Berdasarkan latar belakang di atas peneliti merasa perlu untuk meneliti mengenai perbedaan self-efficacy pada siswa etnis Tionghoa dan non Tionghoa di kota Medan. Dalam penelitian ini, peneliti mengkhususkan suatu sekolah dimana sekolah tersebut memiliki siswa yang mayoritasnya adalah etnis Tionghoa yaitu SMA Sutomo 1 Medan. Oleh karena itu, peneliti mengajukan penelitian dengan judul Perbedaan Selfefficacy pada siswa etnis Tionghoa dan non Tionghoa di SMA Mayoritas Etnis Tionghoa di Kota Medan (studi kasus di SMA Sutomo 1 Medan). B. RUMUSAN MASALAH Adapun rumusan masalah dalam penelitian ini adalah apakah ada perbedaan self-efficacy siswa etnis Tionghoa dan non Tionghoa di SMA mayoritas etnis Tionghoa? C. TUJUAN PENELITIAN Adapun tujuan dilakukannya penelitian ini adalah untuk melihat perbedaan selfefficacy antara siswa etnis Tionghoa dan non Tionghoa. D. MANFAAT PENELITIAN Adapun manfaat dilakukannya penelitian ini dibagi atas manfaat teoritis dan manfaat praktis, yaitu: 1. Manfaat teoritis a. Hasil dari penelitian ini diharapkan dapat menambah dan memperluas ilmu pengetahuan dalam rangka pengembangan kajian Psikologi secara umum, dan Psikologi Pendidikan secara khusus.
b.
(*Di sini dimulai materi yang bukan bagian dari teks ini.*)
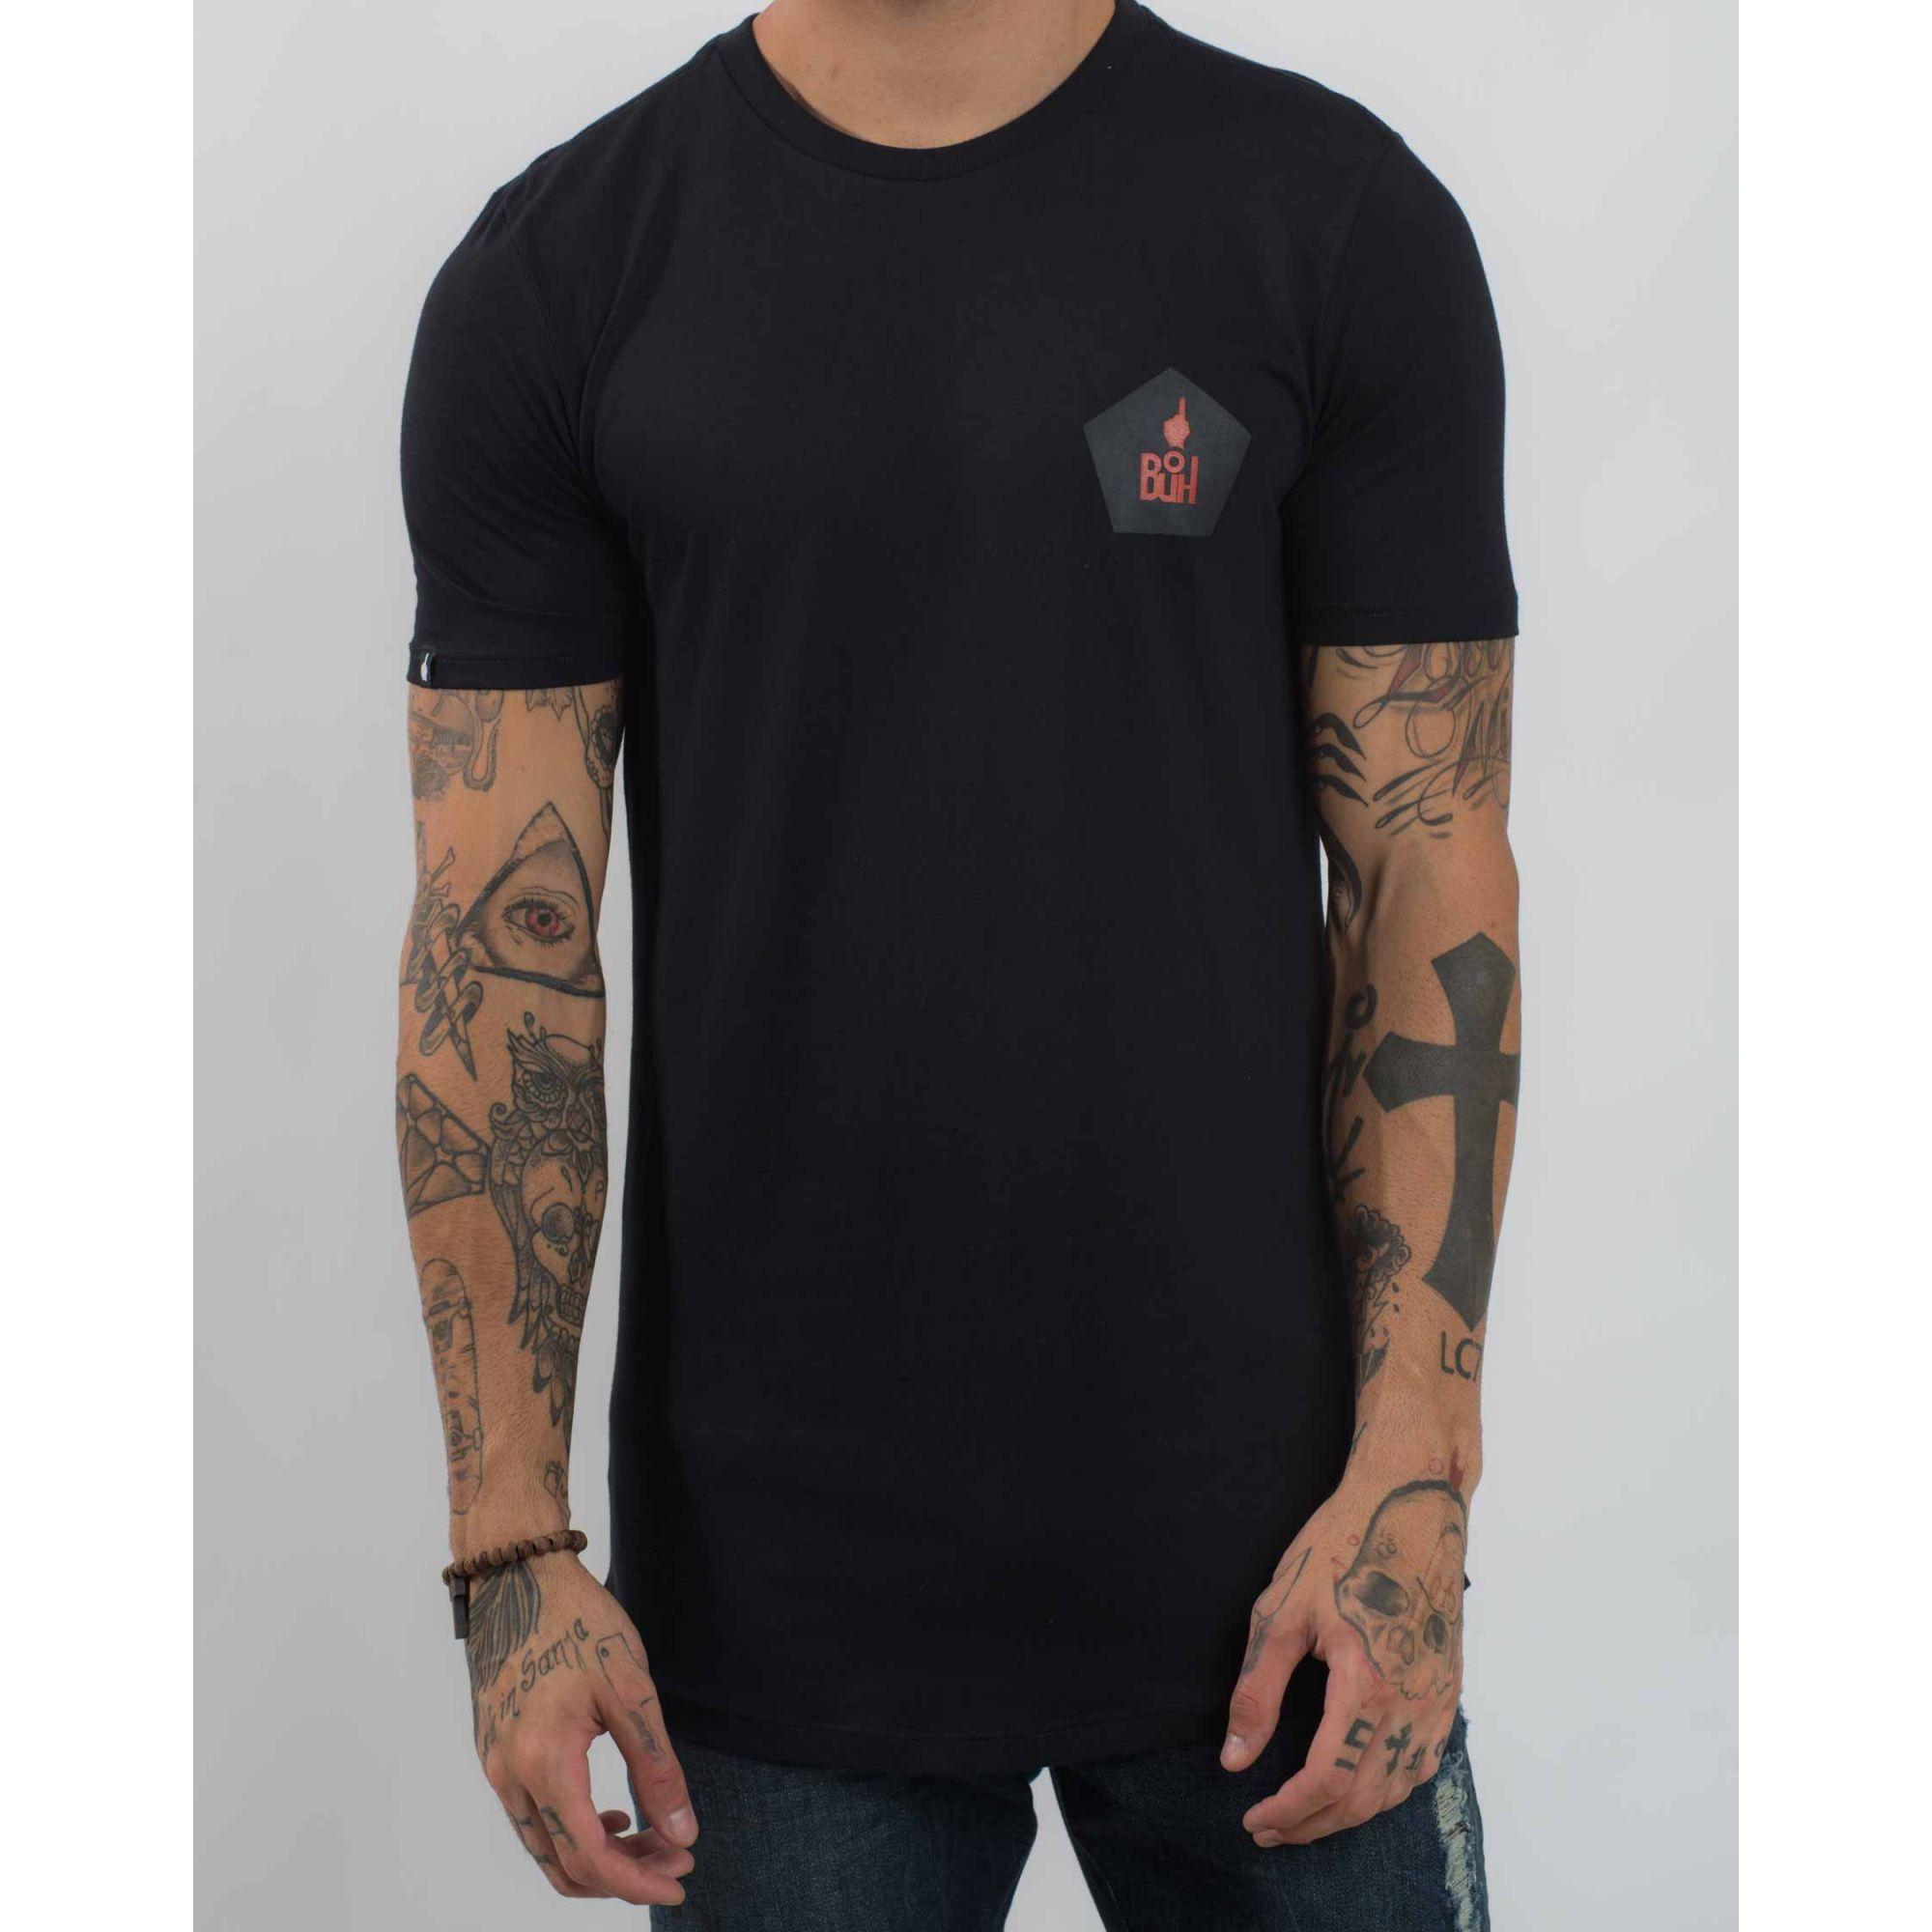 Camiseta Buh Post Soccer Black

Hasil dari penelitian ini diharapkan dapat menambah referensi penelitian lebih lanjut yang berkaitan dengan self-efficacy serta kaitannya pada siswa Tionghoa dan non Tionghoa di SMA mayoritas etnis Tionghoa. 2. Manfaat praktis a. Sekolah Hasil dari penelitian ini diharapkan mampu memberikan gambaran mengenai self efficacy yang dirasakan siswa-siswa SMA Sutomo 1 baik pada siswa Tionghoa maupun non Tionghoa. b. Bagi Siswa Siswa mengetahui self-efficacy yang dimiliki sehingga siswa lebih mampu untuk meningkatkan self-efficacy mereka saat berada di sekolah. E. SISTEMATIKA PENULISAN Sistematika penulisan proposal penelitian ini adalah : BAB I : Pendahuluan Bab ini terdiri dari atas latar belakang masalah penelitian, pertanyaan penelitian, tujuan penelitian, manfaat penelitian, dan sistematika penulisan. BAB II : Landasan Teori Bab ini menguraikan landasan teori yang mendasari masalah yang menjadi objek penelitian yang meliputi teori mengenai self-efficacy. Bab ini juga mengemukakan hipotesa sebagai dugaan sementara terhadap masalah penelitian.
BAB III : Metodologi Penelitian Bab ini menguraikan identifikasi, definisi operasional, populasi, sampel, dan metode pengambilan sampel, alat ukur, uji validitas dan reliabilitas alat ukur, prosedur pelaksaan penelitian, serta metode analisa data. BAB IV : Analisa Data dan Pembahasan Bab ini berisikan mengenai gambaran umum subjek penelitian, hasil utama penelitian dan hasil tambahan penelitian. BAB V : Kesimpulan dan Saran Bab ini berisikan mengenai hasil penelitian yang telah dilakukan memuat kesimpulan dan saran penelitian.